Abrió los ojos y miró a su nieto. Sentía ganas de reír a carcajadas. Debe de llevarlo en los genes, pensó. Entonces repasó mentalmente los cientos de casos criminales que habían pasado por su juzgado. El problema era que la victoria o la derrota en un tribunal rara vez se correspondían con la vida real. Allí se manejaban diferentes grados de inocencia o culpabilidad, de éxito o de fracaso. El acusado de homicidio en primer grado era sentenciado al fin a segundo grado gracias a una buena defensa. Para él era una victoria, comparado a lo que podría haberse enfrentado, pero para la familia de las víctimas suponía un fracaso. Lo mismo ocurría con el conductor borracho absuelto de los cargos de homicidio involuntario porque el agente de policía se olvidó de leerle sus derechos antes de hacerle la prueba de alcoholemia; la justicia servía un culpable en bandeja pero después lo perdía por la negligencia de los que deben velar por ella.

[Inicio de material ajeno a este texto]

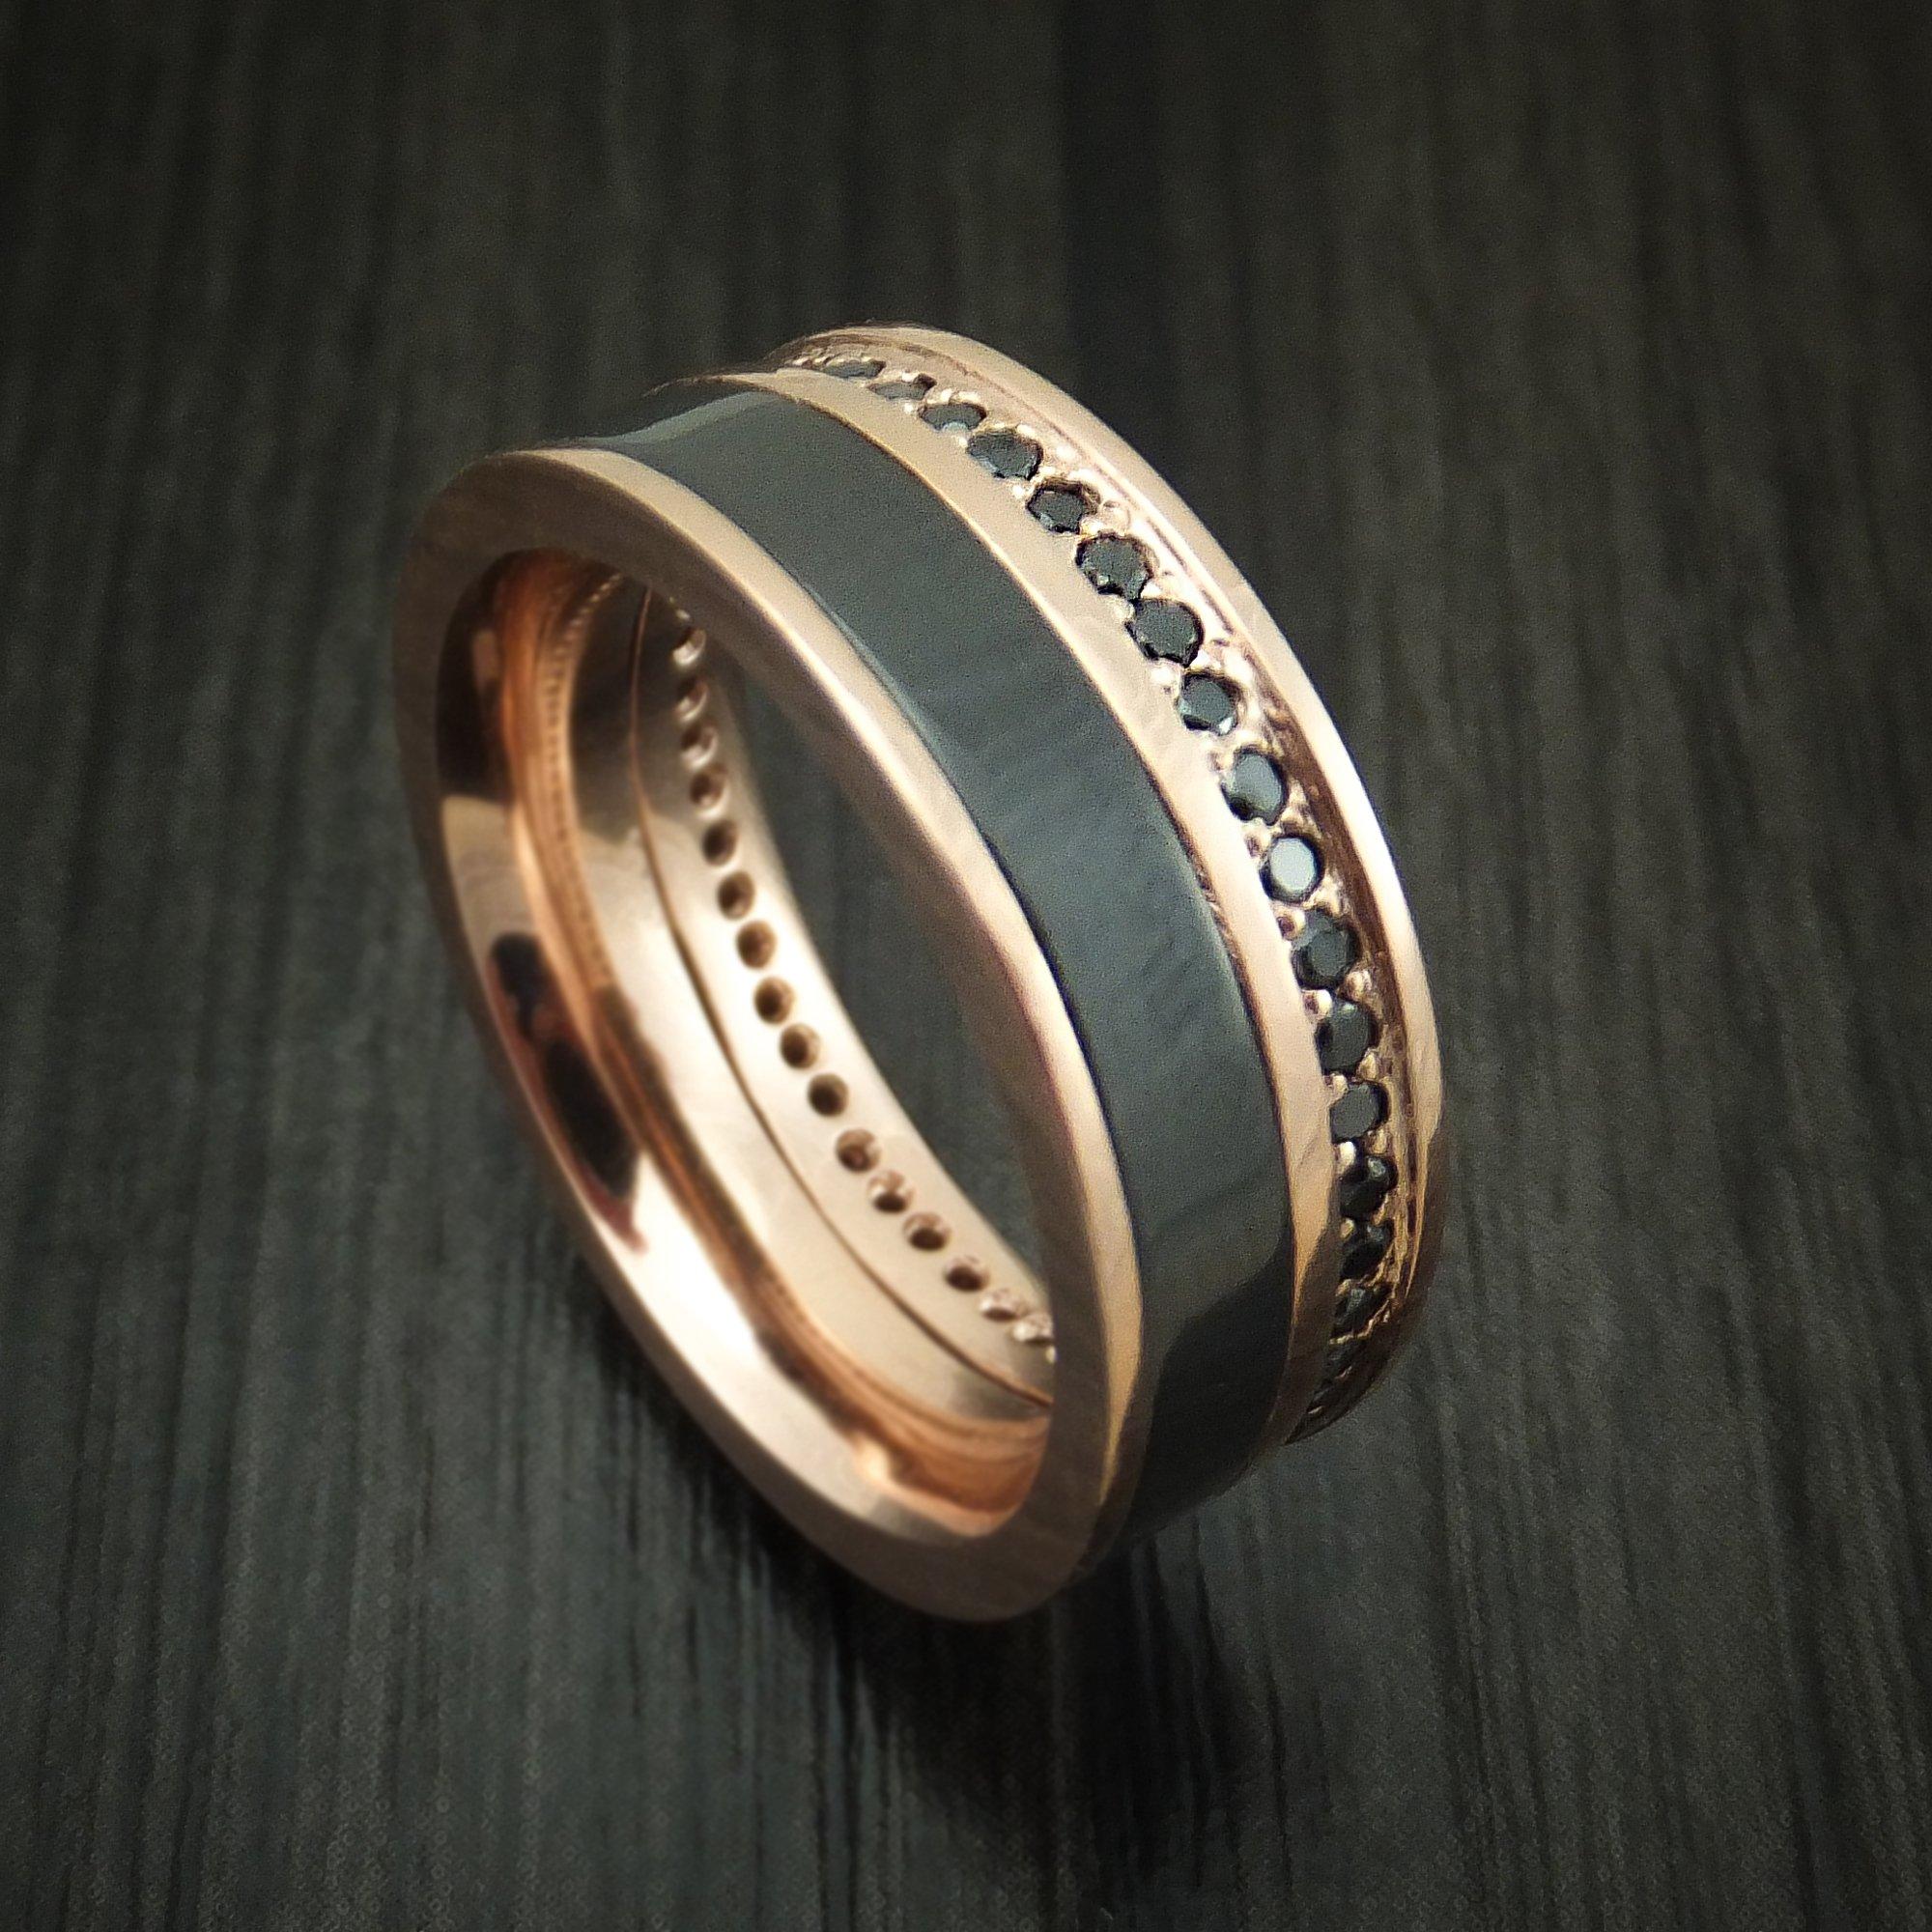 14K Rose Gold Ring with Black Zirconium and Black Diamond
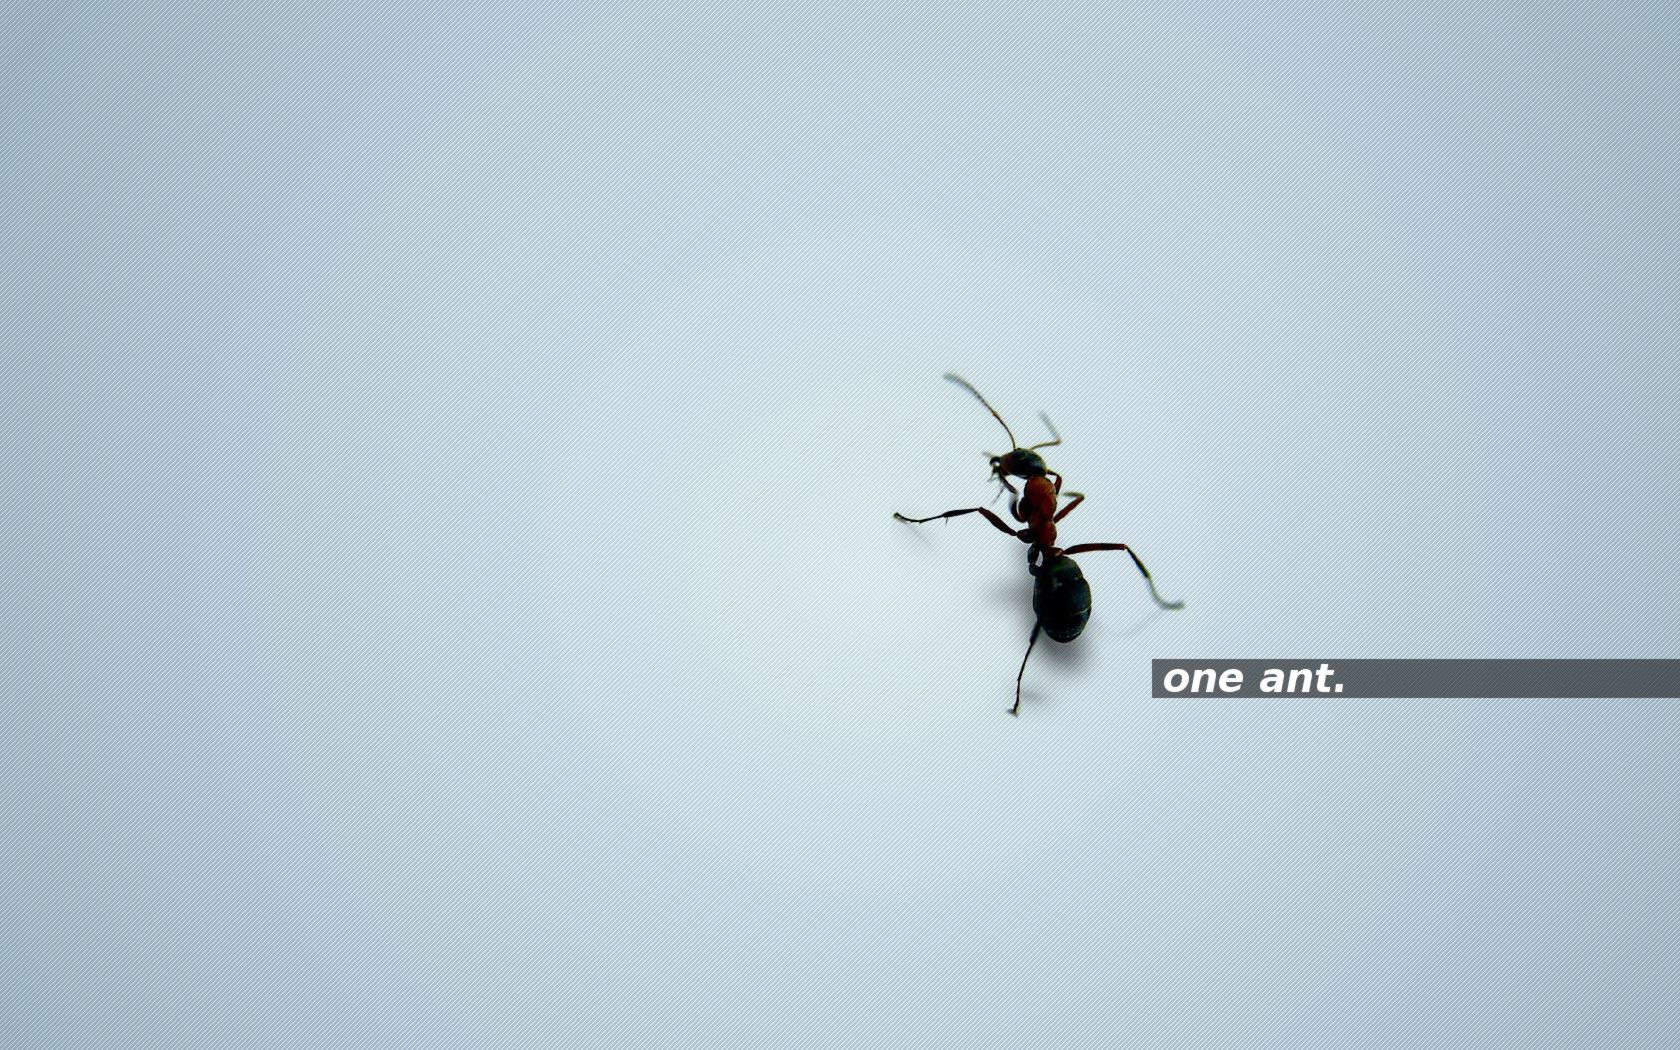 one ant. brightblue

El detenido por asalto a la propiedad privada que sale libre porque su arma se descubrió durante un registro ilegal; la necesidad de observar las reglas estrictamente altera la realidad. Ése era el día a día en la sala del tribunal, distinciones y grados, una arena donde cada uno intenta defender su verdad particular, un lugar frío y sin corazón, lleno de cientos de pequeñas mentiras que conspiran juntas para constituir una gran verdad.
Miró a su alrededor y sus ojos se pasearon por la habitación donde estaban encerrados. Esto sí es verdad, pensó, nada que ver con las reconstrucciones de los hechos que escuchamos en el tribunal. Movió la cabeza. Todos esos años escuchando a testigos de todos esos horrores y nunca supe cómo era la realidad. Recordó la oleada de pánico que había sentido cuando Olivia levantó su arma y apuntó a la espalda de Tommy, y un sentimiento de culpa le encogió el estómago: debería haberme abalanzado sobre ella antes de que pudiera disparar, debería haber interceptado la bala. El corazón le dolió al pensar qué cerca había estado del abismo. Entonces se obligó a sobreponerse.